The offensive threatens to provoke civil war in Kurdish-majority areas of southern Turkey. Speaking in Bursa, Turkish President Recep Tayyip Erdogan vowed to crush all opposition within Turkey to the war, including from the pro-Kurdish Peoples’ Democratic Party (HDP). “Whoever takes to the streets on the call of HDP, KCK and PKK should know that our security forces will keep a tight rein on them and they will pay a heavy price,” he said.
Late yesterday, Turkish media reported three missile attacks in the southeastern Turkish province of Reyhanlı, killing one and wounding 32 civilians.
Within Turkey, Erdogan’s Justice and Development Party is using the invasion to escalate its crackdown on political opposition, with the support of the opposition Republican People’s Party and the fascistic Nationalist Movement Party. Hundreds of people protesting the invasion were arrested in several Turkish cities. The judiciary launched investigations of Democratic Society Party (DTP) Co-Chair Leyla Güven, HDP spokesperson Ayhan Bilgen and HDP Deputy Co-Chair Nadir Yıldırım for criticizing the Afrin invasion.
Turkey was able to launch the operation only due to tacit Russian support. Moscow withdrew its forces stationed in Afrin as part of the Russian intervention against NATO-backed Islamist militias in Syria, and allowed Turkish aircraft to operate in the region’s air space. It also mediated for Turkey in relations with the Syrian and Iranian governments, which criticized the invasion.
Yesterday, Russian officials blamed Washington for the attack, saying it took “provocative steps” by saying it would arm the YPG and use it to control the Syrian-Turkish border.
The Syrian Foreign Ministry said Syria “strongly condemns the flagrant Turkish aggression on the city of Afrin, which is an integral part of Syrian territory, stressing that this aggression is the most recent in a series of Turkish transgressions against Syrian sovereignty.” It dismissed claims by Turkish Foreign Minister Mevlut Cavusoglu that Turkey had informed Syria beforehand, calling them “lies that the Turkish government continues to spout.”
Iran, Syria's main regional ally, said it hoped that “the operation will immediately come to an end.”
Turkey’s invasion of Syria is the outcome of decades of escalating carnage and imperialist war in the Middle East, led by Washington, since the Persian Gulf War and the Stalinist bureaucracy’s dissolution of the USSR, both of which occurred in 1991. With the removal of the Soviet military threat, Washington was free to launch ever bloodier wars in Iraq, Afghanistan, Syria and beyond, with the aid of some or all of its NATO allies.
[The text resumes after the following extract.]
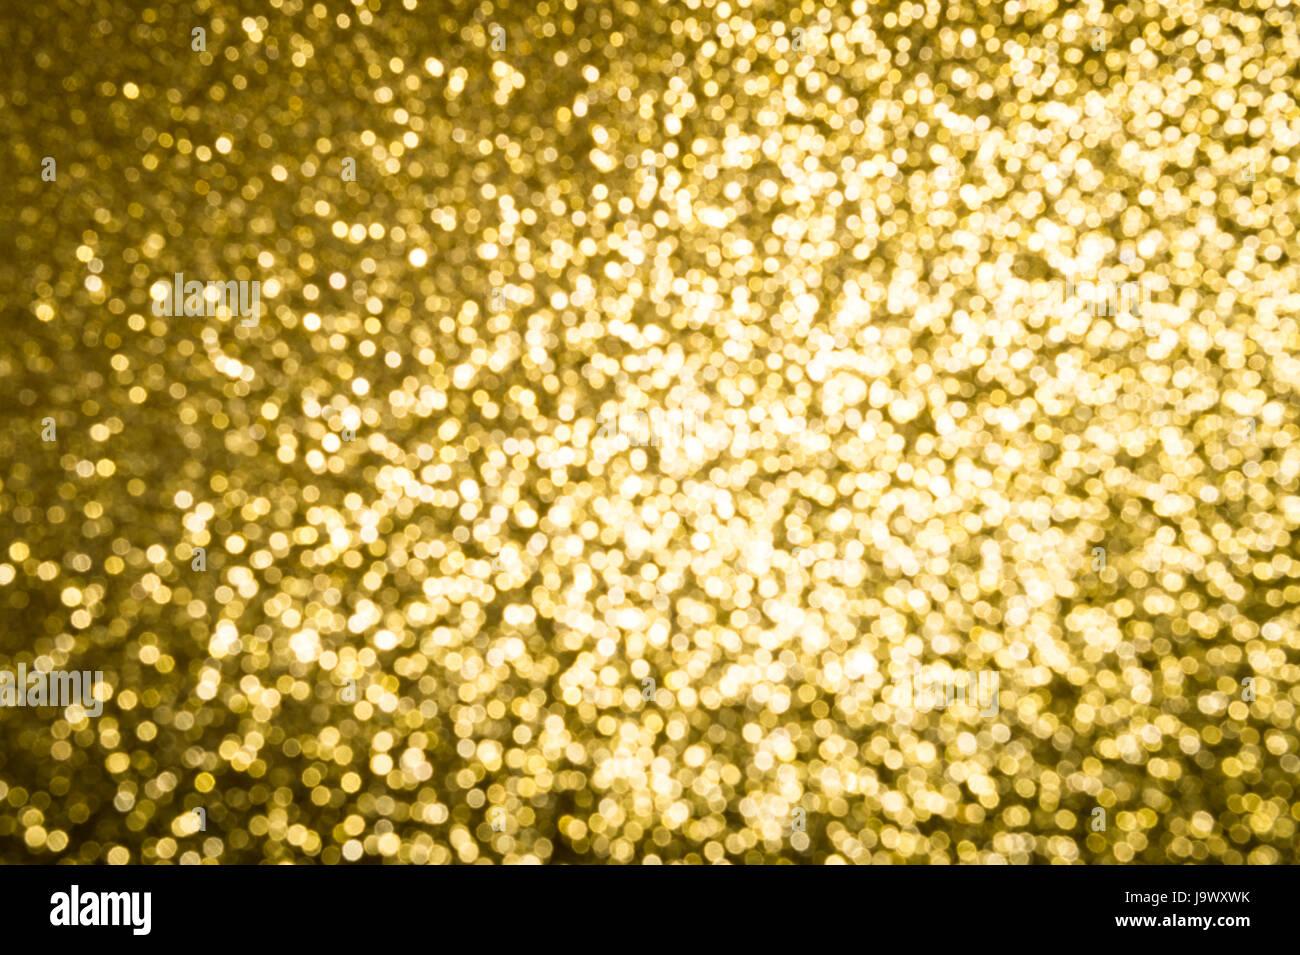 Abstrakter Hintergrund gold Glitter glänzend in unscharf gestellt Bokeh unter hellem Licht Stockbild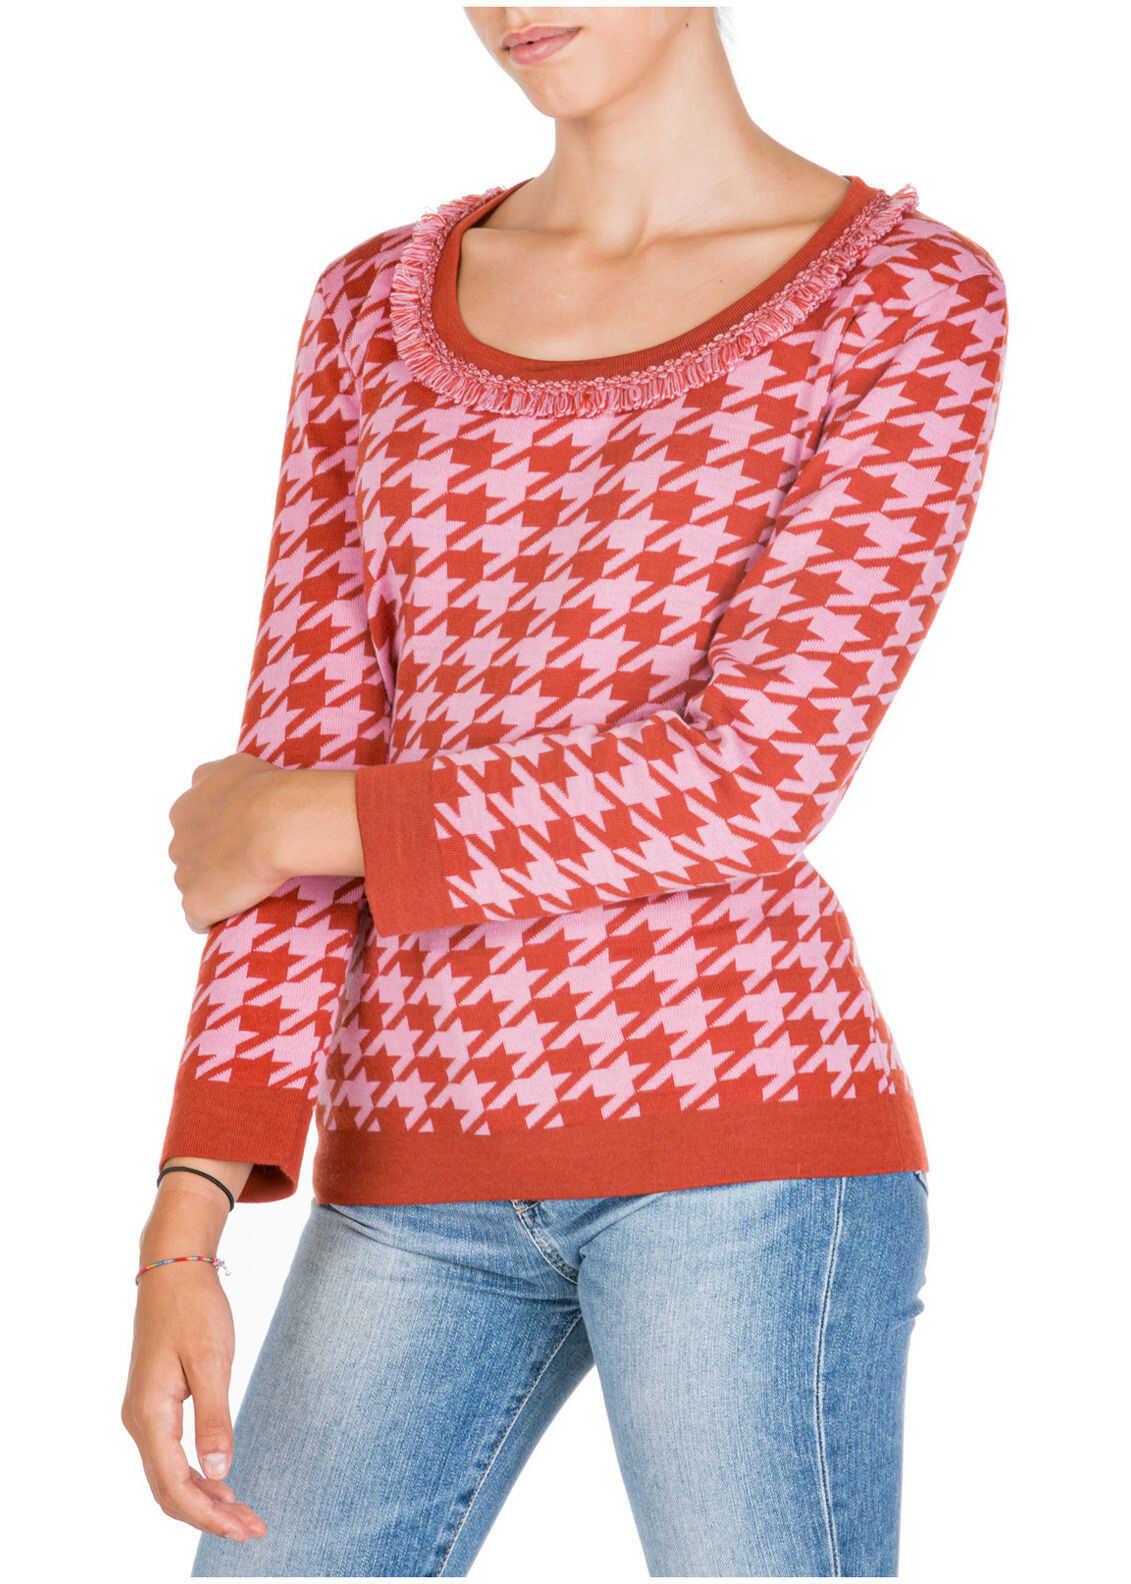 Blumarine Jumper Sweater Pink

It is increasingly clear, however, that the growing international conflicts provoked by these wars, including Ankara’s outrage over US reliance on Kurdish proxy forces, have reached an entirely new stage.
As Turkey moves to destroy the main US proxy force in Syria, NATO is on the verge of collapse and Washington is increasingly isolated. It faces a powerful coalition of opponents in the Middle East that enjoys support even among Washington’s nominal European allies. It is responding by announcing a military strategy that centers on preparations for total war against nuclear-armed powers such as Russia and China.
Initial US statements on the invasion were unclear and self-contradictory. US State Department sources said that Secretary of State Rex Tillerson had spoken to his Russian and Turkish counterparts about “securing stability in the north of the country,” but gave no details. Pentagon officials said they “encourage all parties to avoid escalation and to focus on the most important task of defeating the Islamic State.”
In fact, the Pentagon on Friday unveiled a National Defense Strategy that proclaims the “war on terror” to have been supplanted by the need to prepare for war against rival great powers. “Great power competition—not terrorism—is now the primary focus of US national security,” Defense Secretary James Mattis said as he unveiled the document, which singles out Russia and China as the preeminent threats to US global dominance.
The US is clearly concerned with the Turkish invasion. The Center for American Progress, a Washington think tank, warned that it “could trigger a new, bloody phase of the long-running Syrian civil war” and “may also be aimed at the United States,” which “has spent three years balancing a troubled relationship with Turkey with the imperatives of the counter-IS campaign in Syria.” The Center for American Progress statement continued, “With the end of that campaign in sight, that balancing act is once again teetering on the brink.”
The contrast to the policy of Germany, the leading European power, could not be more striking. Berlin appears to have green-lighted the invasion. Last Wednesday, as Turkish artillery strikes on YPG positions began and Erdogan’s National Security Council threatened to invade Syria, a delegation of high-level Turkish security officials arrived for two days of friendly talks in Berlin. In these talks, German and Turkish officials discussed measures against the Kurds.
As the German press discussed Berlin’s “new turn back” toward Turkey, German Foreign Minister Sigmar Gabriel said Berlin intended to have “better negotiations” with Ankara, “for the benefit of Turkey, Germany and Europe.” Berlin announced a new crackdown on PKK activities in Germany, with the Federal Prosecutor’s Office opening 130 investigations.
Berlin also signaled that Turkey will continue to enjoy German military support even after attacking US proxies in Syria. It did so by moving to fast-track Turkey’s requests for the modernization of its German “Leopard” tanks by Rheinmetall. “The federal government is showing itself to be flexible in its new turn back towards Turkey,” Der Spiegel wrote. “According to Der Spiegel’s sources, Berlin now wants to give the nod to a multi-million-euro arms deal with Ankara.”
These statements of German support for Turkey even as it bombards US proxy forces in Syria point to the profound tensions tearing apart the NATO military alliance and the escalating danger of direct conflict between the major world powers.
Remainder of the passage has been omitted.